• [Given data]:

***

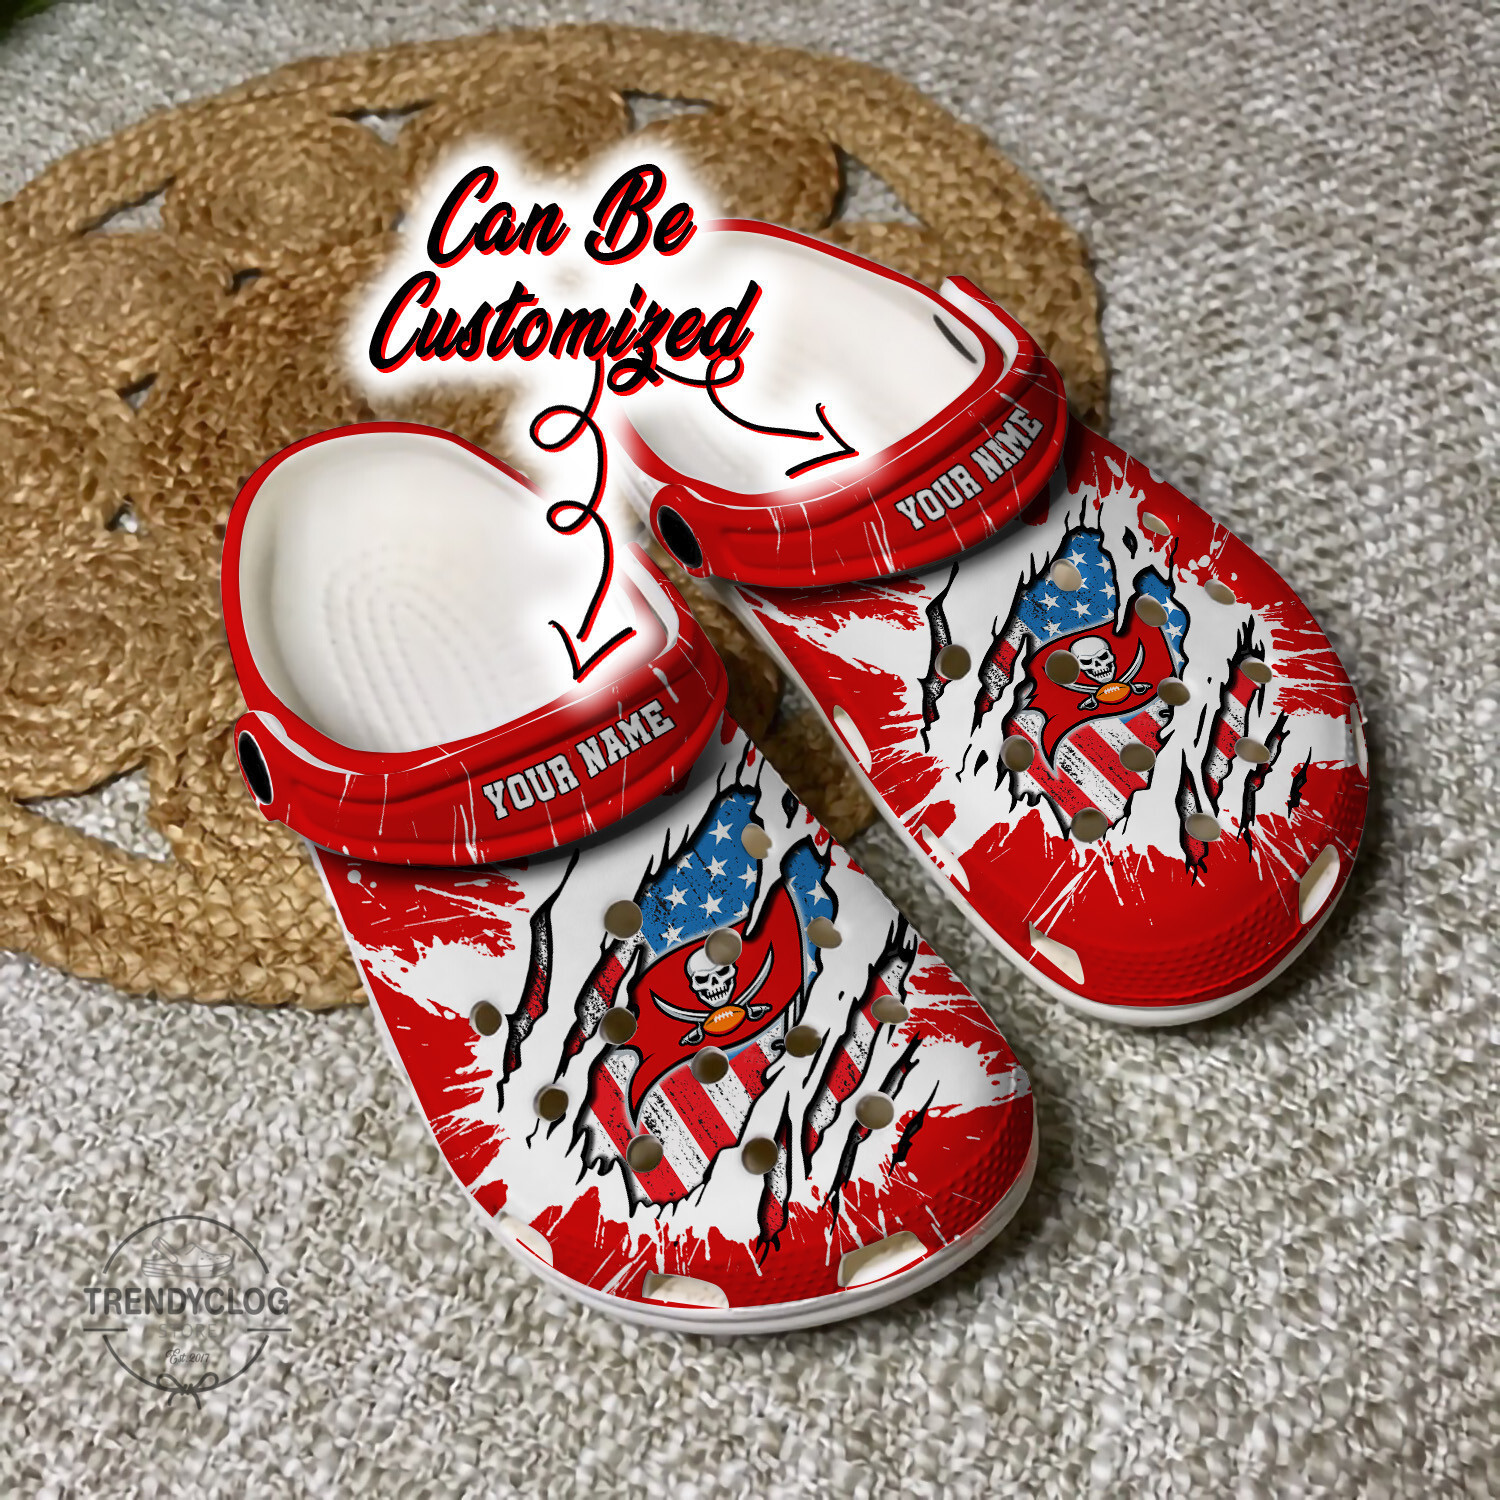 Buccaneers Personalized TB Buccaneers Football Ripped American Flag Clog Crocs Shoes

***

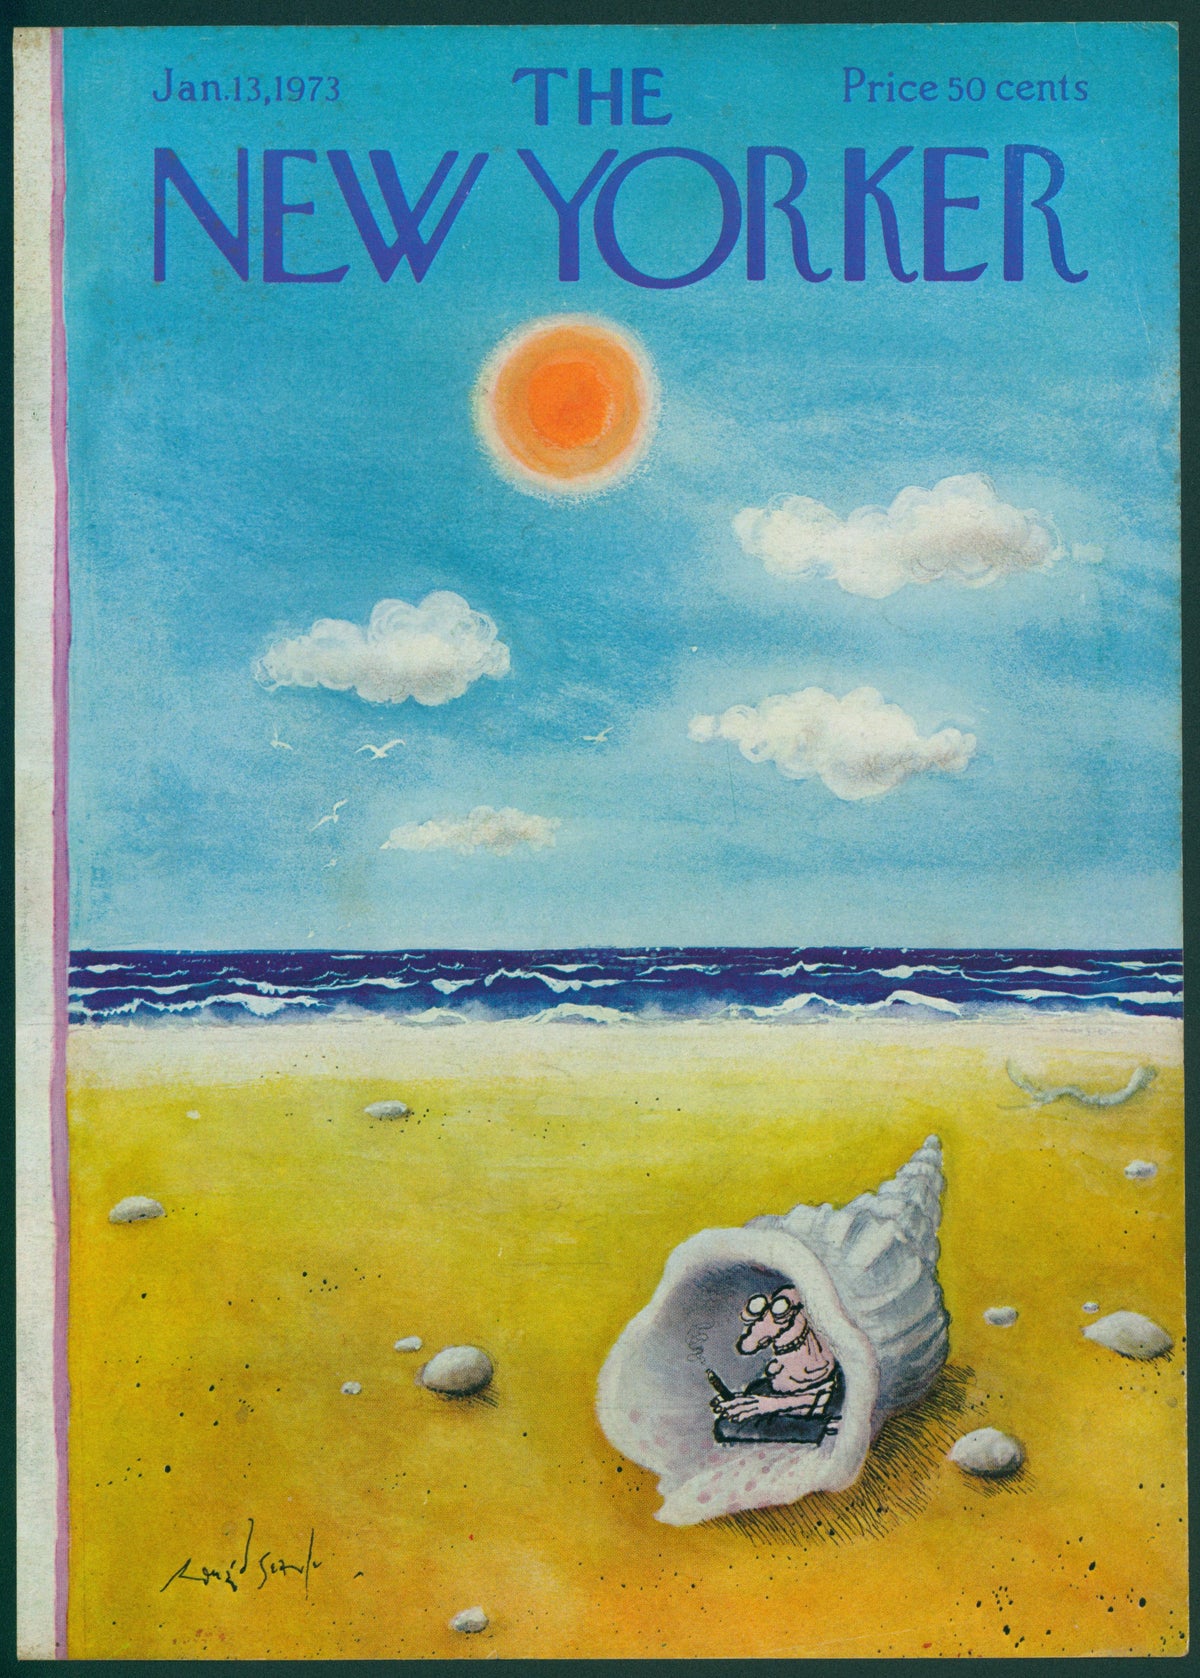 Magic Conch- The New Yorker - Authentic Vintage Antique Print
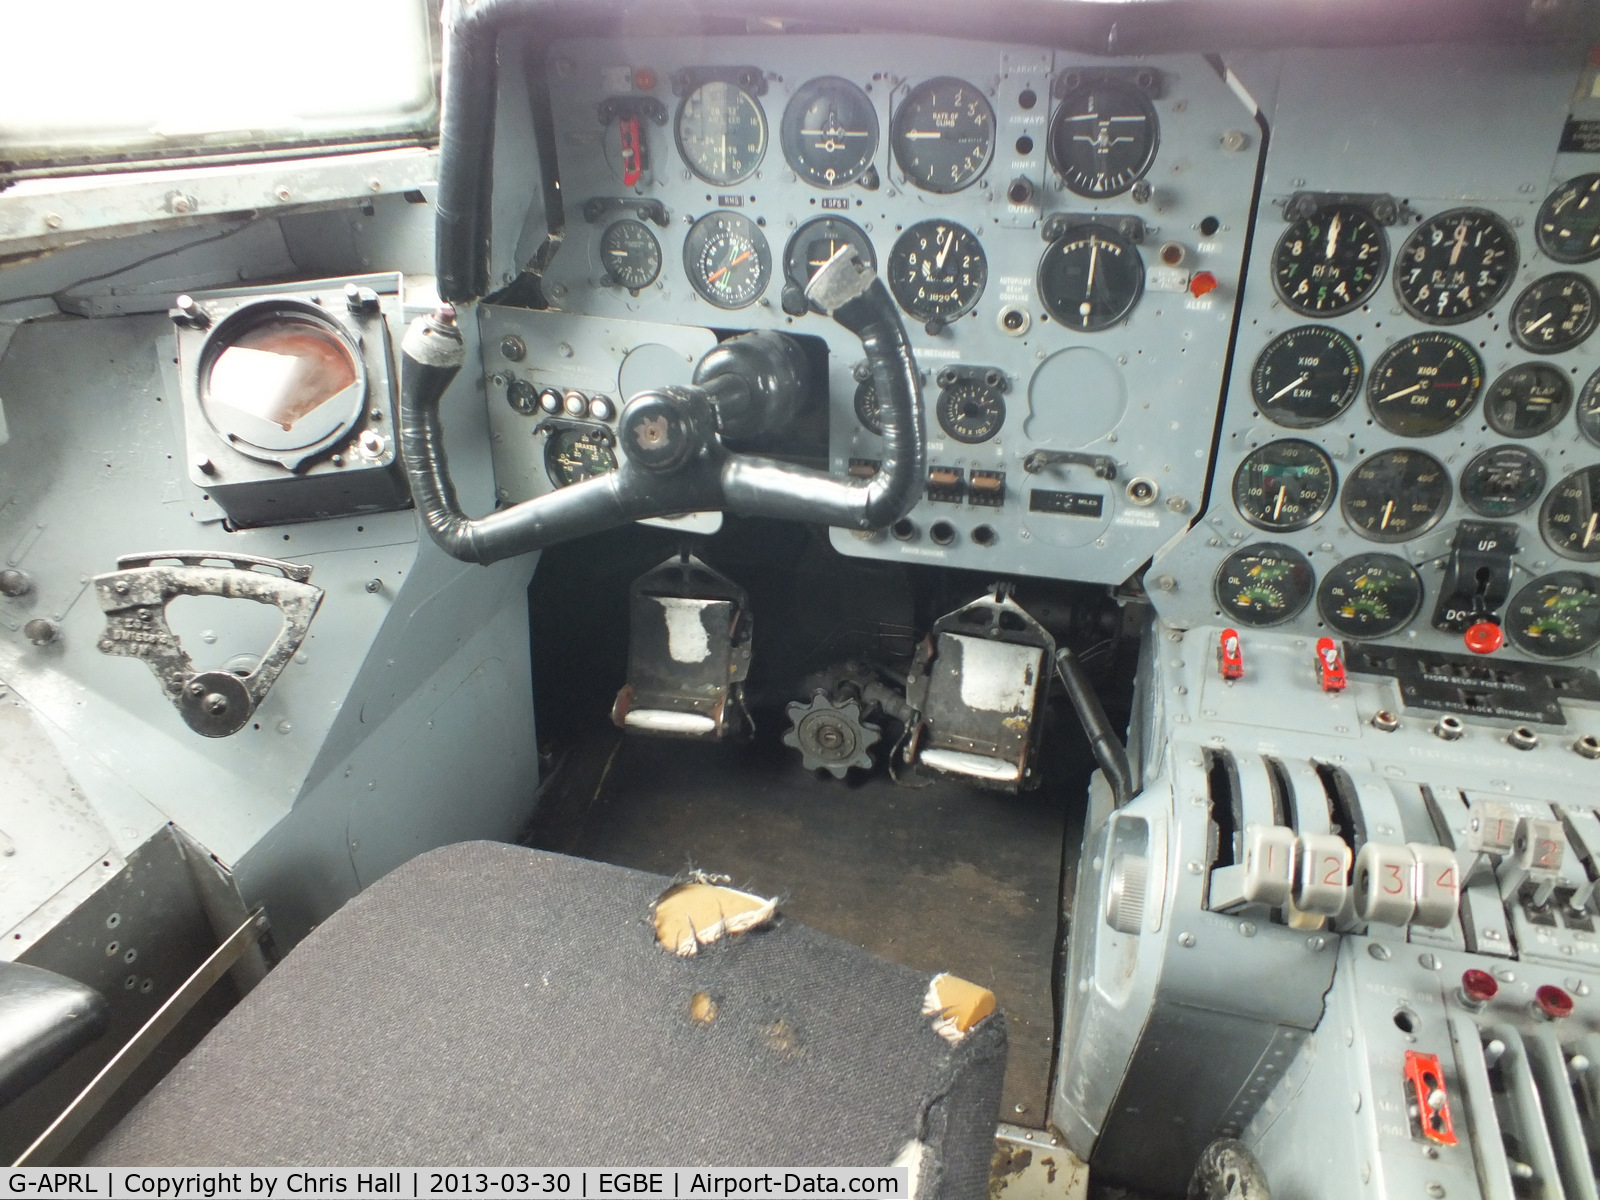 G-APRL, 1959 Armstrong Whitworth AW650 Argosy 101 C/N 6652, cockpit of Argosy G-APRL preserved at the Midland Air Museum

***

• [What you need to do]:
Using the data above, print only the lines starting at the one with "Magic Conch- The" and ending at the one with "G-APRL, 1959 Armstrong", exactly as they stand, minus the pictures.

• [Completed task]:
 Magic Conch- The New Yorker - Authentic Vintage Antique Print
 G-APRL, 1959 Armstrong Whitworth AW650 Argosy 101 C/N 6652, cockpit of Argosy G-APRL preserved at the Midland Air Museum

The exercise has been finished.